(RECORDS PROVIDED Opens)

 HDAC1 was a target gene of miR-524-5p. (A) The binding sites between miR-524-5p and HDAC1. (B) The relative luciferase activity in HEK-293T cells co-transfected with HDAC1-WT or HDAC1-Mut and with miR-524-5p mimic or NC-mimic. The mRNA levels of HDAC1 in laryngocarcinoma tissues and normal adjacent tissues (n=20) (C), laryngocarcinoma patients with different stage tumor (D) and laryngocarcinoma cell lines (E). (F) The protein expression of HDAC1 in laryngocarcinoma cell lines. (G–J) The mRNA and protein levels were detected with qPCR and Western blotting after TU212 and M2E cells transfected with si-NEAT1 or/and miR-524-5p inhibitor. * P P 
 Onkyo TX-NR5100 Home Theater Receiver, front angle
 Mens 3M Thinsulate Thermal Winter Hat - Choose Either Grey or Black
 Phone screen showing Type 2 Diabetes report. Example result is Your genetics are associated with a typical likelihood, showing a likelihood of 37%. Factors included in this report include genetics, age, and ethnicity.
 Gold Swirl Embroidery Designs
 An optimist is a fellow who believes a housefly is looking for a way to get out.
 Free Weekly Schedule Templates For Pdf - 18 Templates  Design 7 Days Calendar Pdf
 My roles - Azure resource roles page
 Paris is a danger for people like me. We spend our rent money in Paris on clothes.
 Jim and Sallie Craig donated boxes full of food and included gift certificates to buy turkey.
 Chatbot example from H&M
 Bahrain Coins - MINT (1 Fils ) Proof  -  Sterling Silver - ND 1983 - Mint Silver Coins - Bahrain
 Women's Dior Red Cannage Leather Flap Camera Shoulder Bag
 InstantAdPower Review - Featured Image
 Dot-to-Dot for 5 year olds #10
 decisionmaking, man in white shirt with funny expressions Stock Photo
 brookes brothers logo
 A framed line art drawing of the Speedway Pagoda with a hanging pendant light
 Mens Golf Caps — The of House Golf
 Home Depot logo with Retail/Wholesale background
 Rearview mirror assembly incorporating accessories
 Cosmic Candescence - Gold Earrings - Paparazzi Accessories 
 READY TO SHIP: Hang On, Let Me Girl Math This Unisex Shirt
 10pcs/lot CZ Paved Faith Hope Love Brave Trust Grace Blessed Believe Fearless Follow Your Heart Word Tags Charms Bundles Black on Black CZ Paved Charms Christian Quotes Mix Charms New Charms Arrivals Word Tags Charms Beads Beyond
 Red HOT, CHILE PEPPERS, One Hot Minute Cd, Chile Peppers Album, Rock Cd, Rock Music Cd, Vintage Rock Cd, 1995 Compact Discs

(RECORDS PROVIDED Closes)

WHAT IS REQUIRED: Restate the whole set of entries exactly.

TASK SOLUTION:
 HDAC1 was a target gene of miR-524-5p. (A) The binding sites between miR-524-5p and HDAC1. (B) The relative luciferase activity in HEK-293T cells co-transfected with HDAC1-WT or HDAC1-Mut and with miR-524-5p mimic or NC-mimic. The mRNA levels of HDAC1 in laryngocarcinoma tissues and normal adjacent tissues (n=20) (C), laryngocarcinoma patients with different stage tumor (D) and laryngocarcinoma cell lines (E). (F) The protein expression of HDAC1 in laryngocarcinoma cell lines. (G–J) The mRNA and protein levels were detected with qPCR and Western blotting after TU212 and M2E cells transfected with si-NEAT1 or/and miR-524-5p inhibitor. * P P 
 Onkyo TX-NR5100 Home Theater Receiver, front angle
 Mens 3M Thinsulate Thermal Winter Hat - Choose Either Grey or Black
 Phone screen showing Type 2 Diabetes report. Example result is Your genetics are associated with a typical likelihood, showing a likelihood of 37%. Factors included in this report include genetics, age, and ethnicity.
 Gold Swirl Embroidery Designs
 An optimist is a fellow who believes a housefly is looking for a way to get out.
 Free Weekly Schedule Templates For Pdf - 18 Templates  Design 7 Days Calendar Pdf
 My roles - Azure resource roles page
 Paris is a danger for people like me. We spend our rent money in Paris on clothes.
 Jim and Sallie Craig donated boxes full of food and included gift certificates to buy turkey.
 Chatbot example from H&M
 Bahrain Coins - MINT (1 Fils ) Proof  -  Sterling Silver - ND 1983 - Mint Silver Coins - Bahrain
 Women's Dior Red Cannage Leather Flap Camera Shoulder Bag
 InstantAdPower Review - Featured Image
 Dot-to-Dot for 5 year olds #10
 decisionmaking, man in white shirt with funny expressions Stock Photo
 brookes brothers logo
 A framed line art drawing of the Speedway Pagoda with a hanging pendant light
 Mens Golf Caps — The of House Golf
 Home Depot logo with Retail/Wholesale background
 Rearview mirror assembly incorporating accessories
 Cosmic Candescence - Gold Earrings - Paparazzi Accessories 
 READY TO SHIP: Hang On, Let Me Girl Math This Unisex Shirt
 10pcs/lot CZ Paved Faith Hope Love Brave Trust Grace Blessed Believe Fearless Follow Your Heart Word Tags Charms Bundles Black on Black CZ Paved Charms Christian Quotes Mix Charms New Charms Arrivals Word Tags Charms Beads Beyond
 Red HOT, CHILE PEPPERS, One Hot Minute Cd, Chile Peppers Album, Rock Cd, Rock Music Cd, Vintage Rock Cd, 1995 Compact Discs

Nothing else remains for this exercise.